■ WHAT YOU ARE ASKED TO DO: Once the pictures are removed, restate the listing word for word.

(Beginning of PROVIDED DATA)

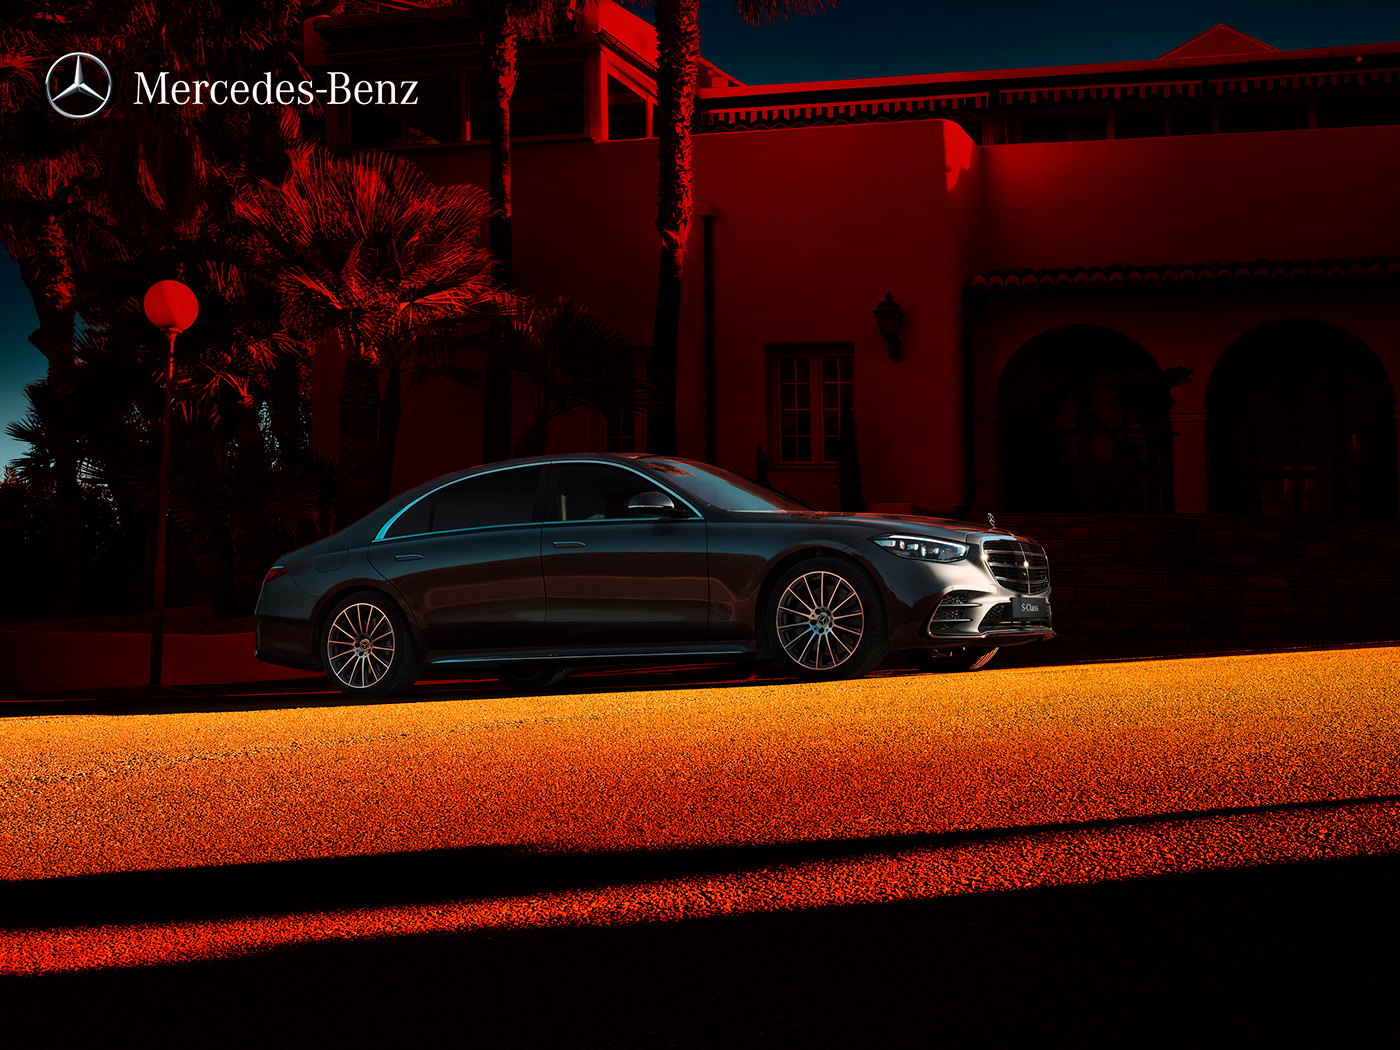 mercedes-benz S-Class colorful car artwork Photography  photographer car photography Car Photographer artwork Mercedes-Benz S-class
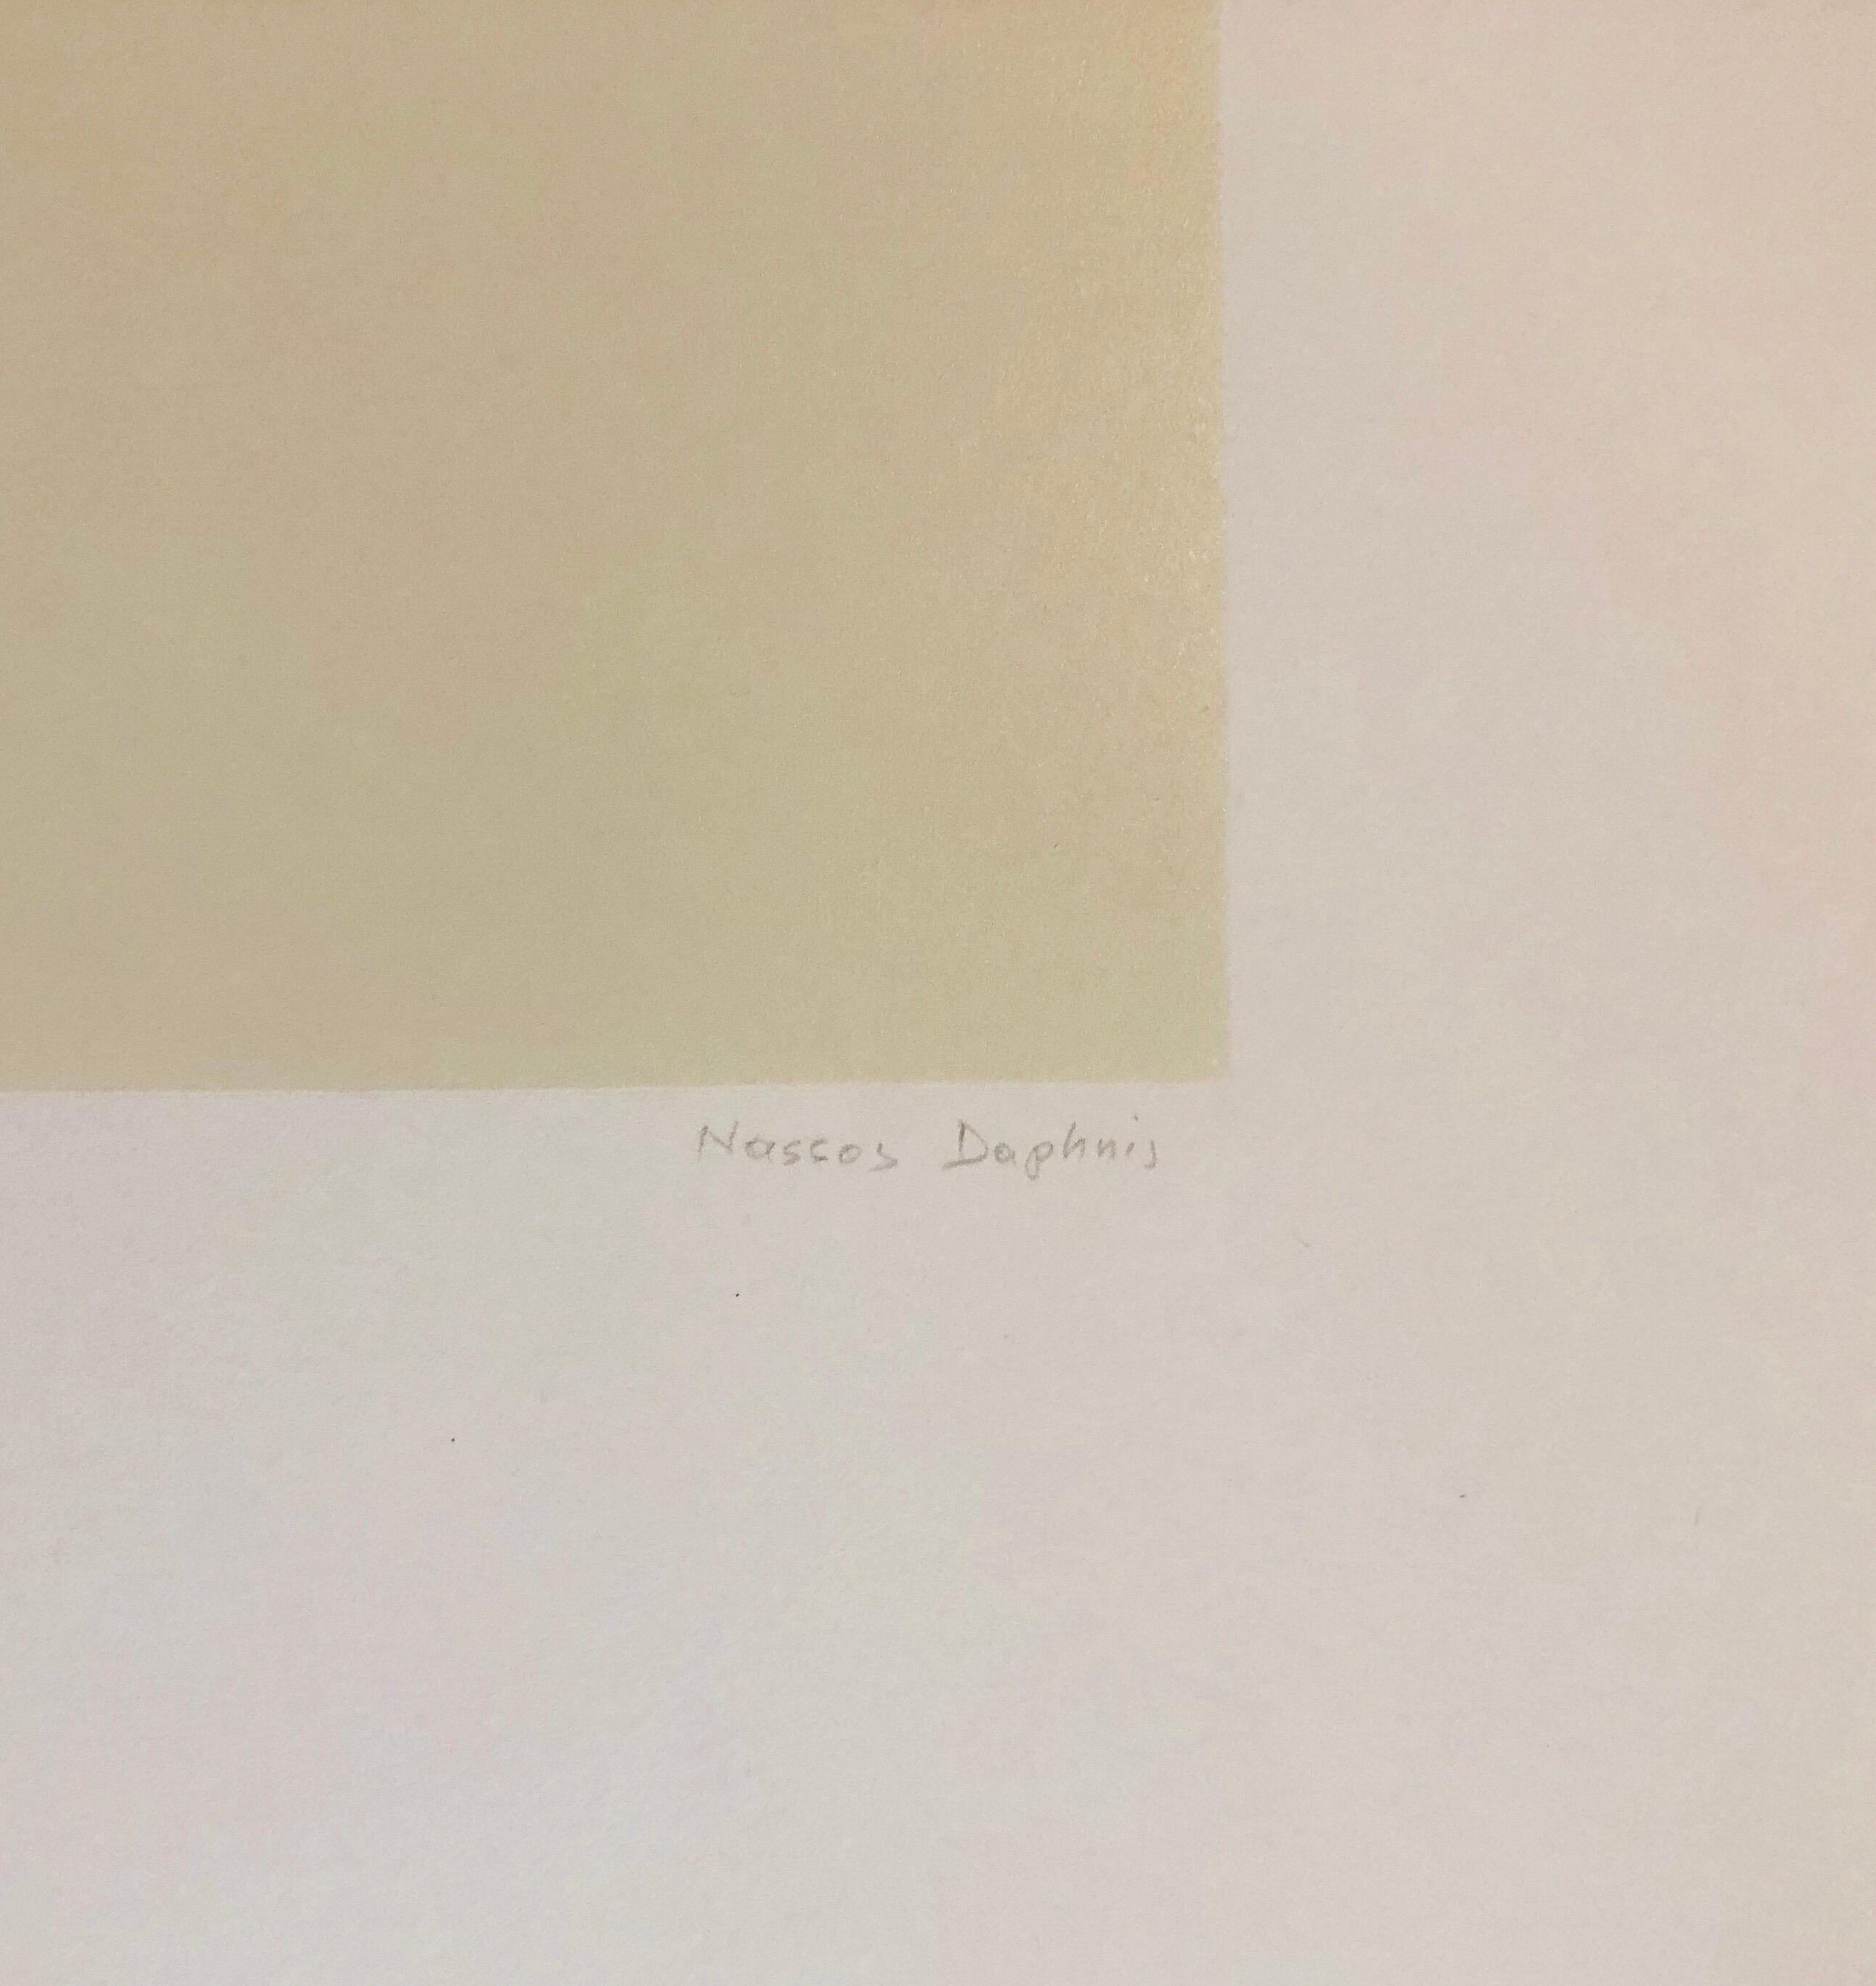 Nassos Daphnis Hard Edged Geometric Abstract Minimalist Silkscreen Op Art Print 1
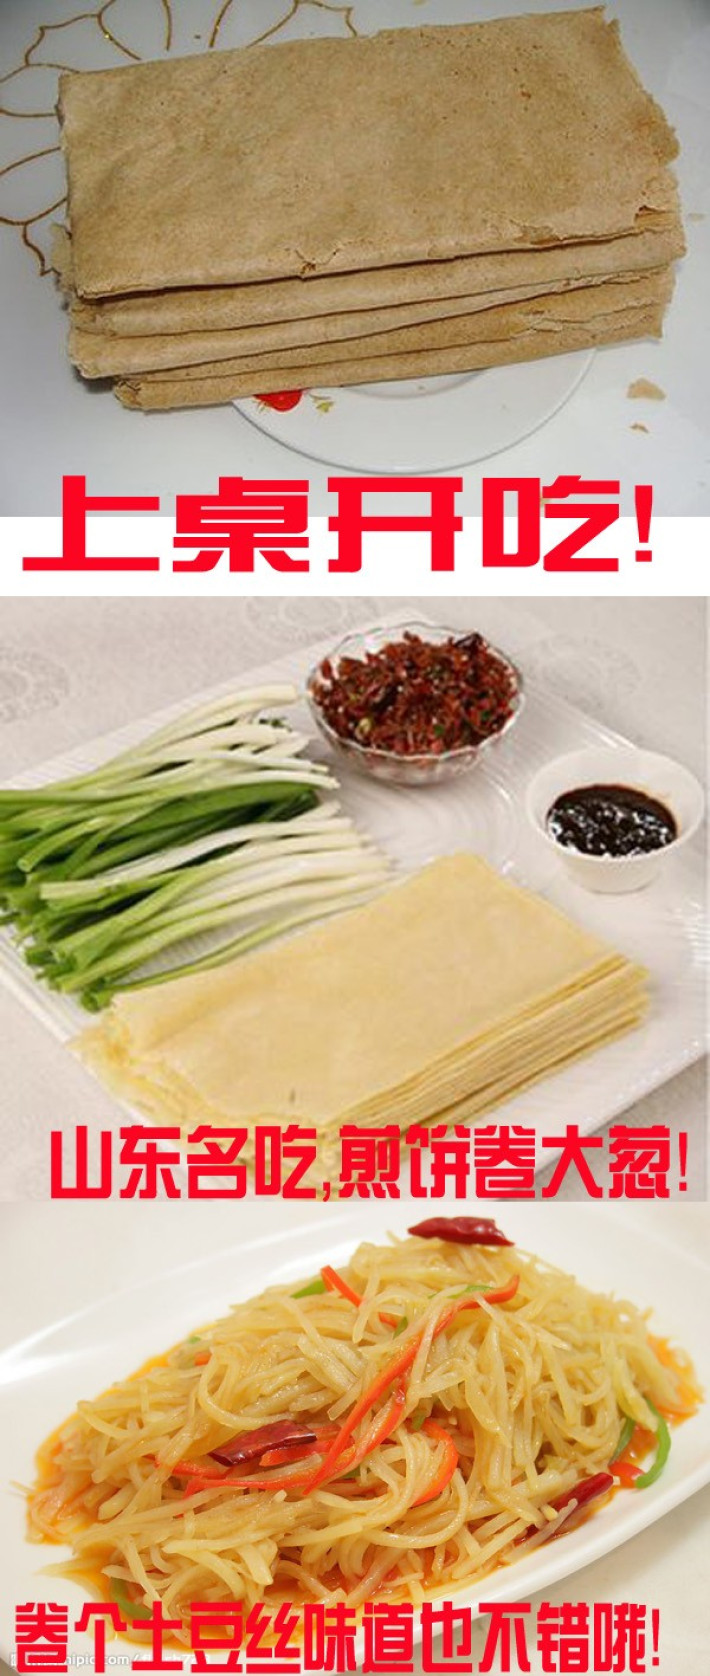 cctv舌尖上的中国(二)推荐,枣庄菜煎饼专用煎饼

(End of PROVIDED DATA)

■ ANSWER TO THE PROBLEM:
 mercedes-benz S-Class colorful car artwork Photography  photographer car photography Car Photographer artwork Mercedes-Benz S-class
 Nassos Daphnis Hard Edged Geometric Abstract Minimalist Silkscreen Op Art Print 1
 cctv舌尖上的中国(二)推荐,枣庄菜煎饼专用煎饼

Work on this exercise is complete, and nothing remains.